Merry Christmas fellow TAMers.

Thank you all for your support and advice over the last few months of my life. It would have been so much more difficult without you all and I'm truly grateful.

I hope you all have a happy day tomorrow (and every day, for that matter) regardless of your personal situations. 

Let's all hope that 2014 brings us something better than 2013 did .

WWB

x


----------



## 827Aug (Apr 27, 2008)

Thank you.

Hope you have a merry Christmas also!


----------



## Honorbound (Nov 19, 2013)

Merry Christmas, brother. 

Hang in there.


----------



## smallsteps (Feb 23, 2013)

Merry Christmas to you. 

I fully agree - 2013 was a horrible year - although I have had a few bright spots that have definitely helped me get through it.

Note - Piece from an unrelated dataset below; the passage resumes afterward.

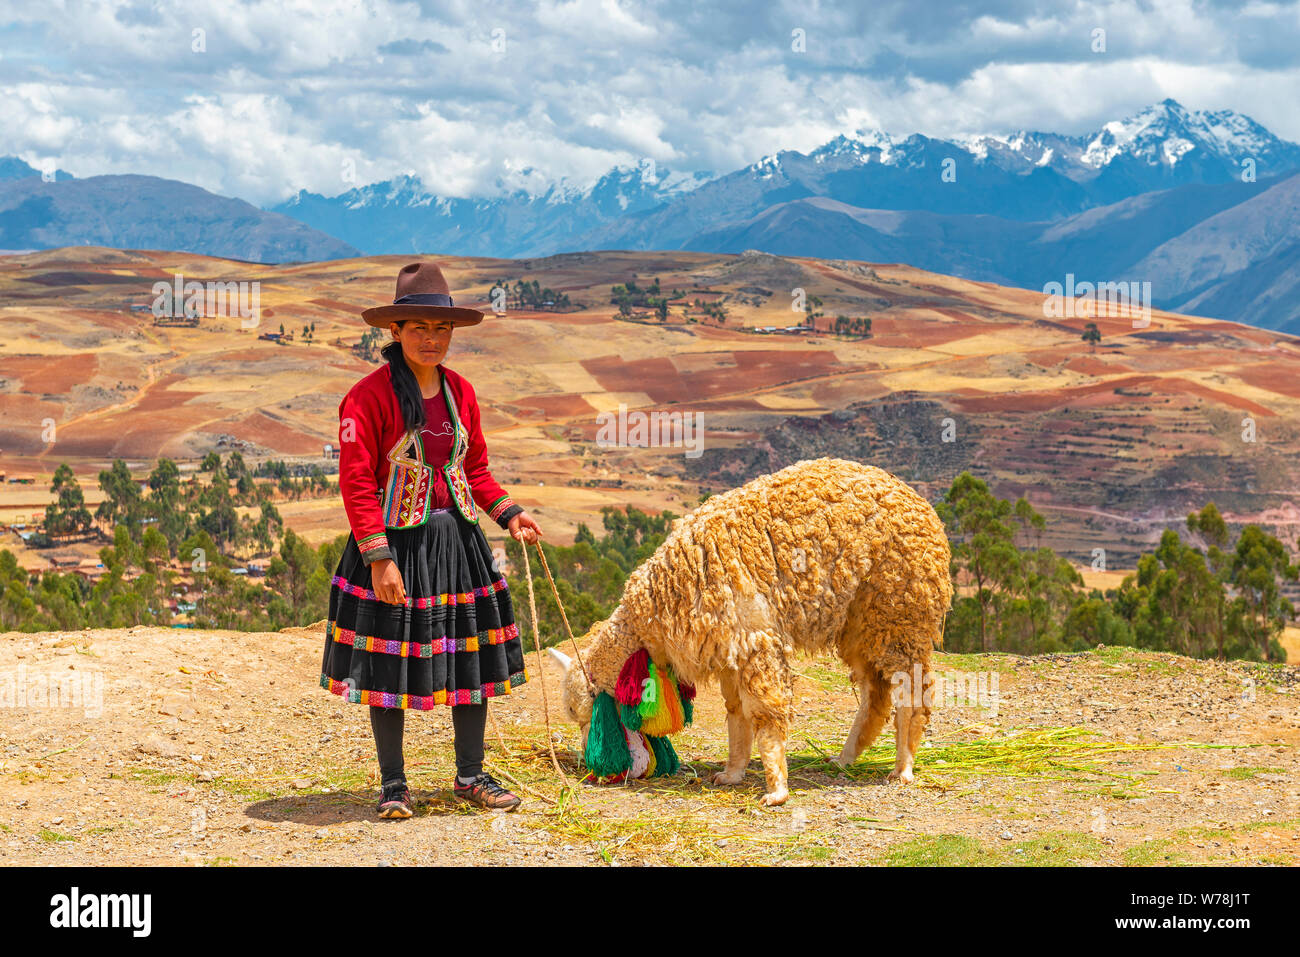 Indigeni Quechua donna con un llama mangiare paglia e la Valle Sacra degli Inca in background nei pressi di Cusco, Perù. Foto Stock
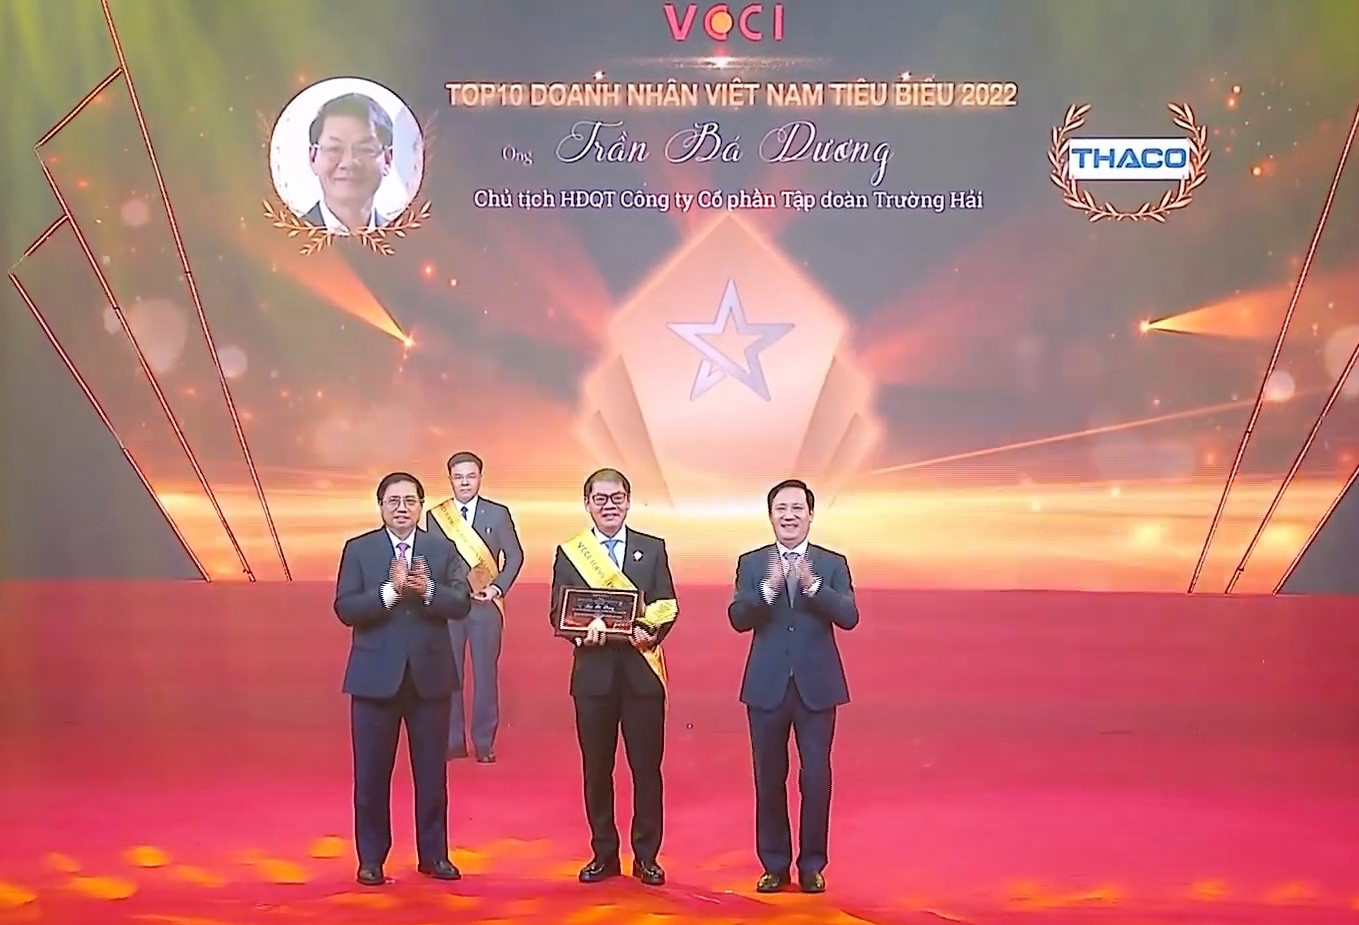 Chủ tịch HĐQT THACO Trần Bá Dương nhận danh hiệu Top 10 Doanh nhân Việt Nam tiêu biểu 2022.

Here's to a great 2014 for all of us!!
_Posted via Mobile Device_


----------



## ReGroup (Dec 6, 2012)

Merry Christmas.

Go to hell 2013.
_Posted via Mobile Device_


----------



## hitbyabrick (Nov 14, 2013)

Merry Christmas.

Let us all find something better in 2014.


----------



## confusedandwonderingman (Jul 7, 2013)

Merry Christmas to everyone! I am praying for a great new year for all of us going through this tough time in life.
_Posted via Mobile Device_


----------



## Conrad (Aug 6, 2010)

hitbyabrick said:


> Merry Christmas.
> 
> Let us all find something better in 2014.


Ourselves.... first and foremost.


----------



## TBT (Dec 20, 2011)

Merry Christmas to all of you such supportive members,especially of this forum.You're a great crew!


----------



## philglossop (Apr 22, 2013)

Merry Christmas everyone- both in this section but in the Life After Divorce as well.

2013 hasn't been the best, but watch us grow and develop in 2014:smthumbup::smthumbup:


----------



## Want2babettrme (May 17, 2013)

ReGroup said:


> Merry Christmas.
> 
> Go to hell 2013.
> _Posted via Mobile Device_




Amen X 1,000!!!!!

Worst year of my life.


----------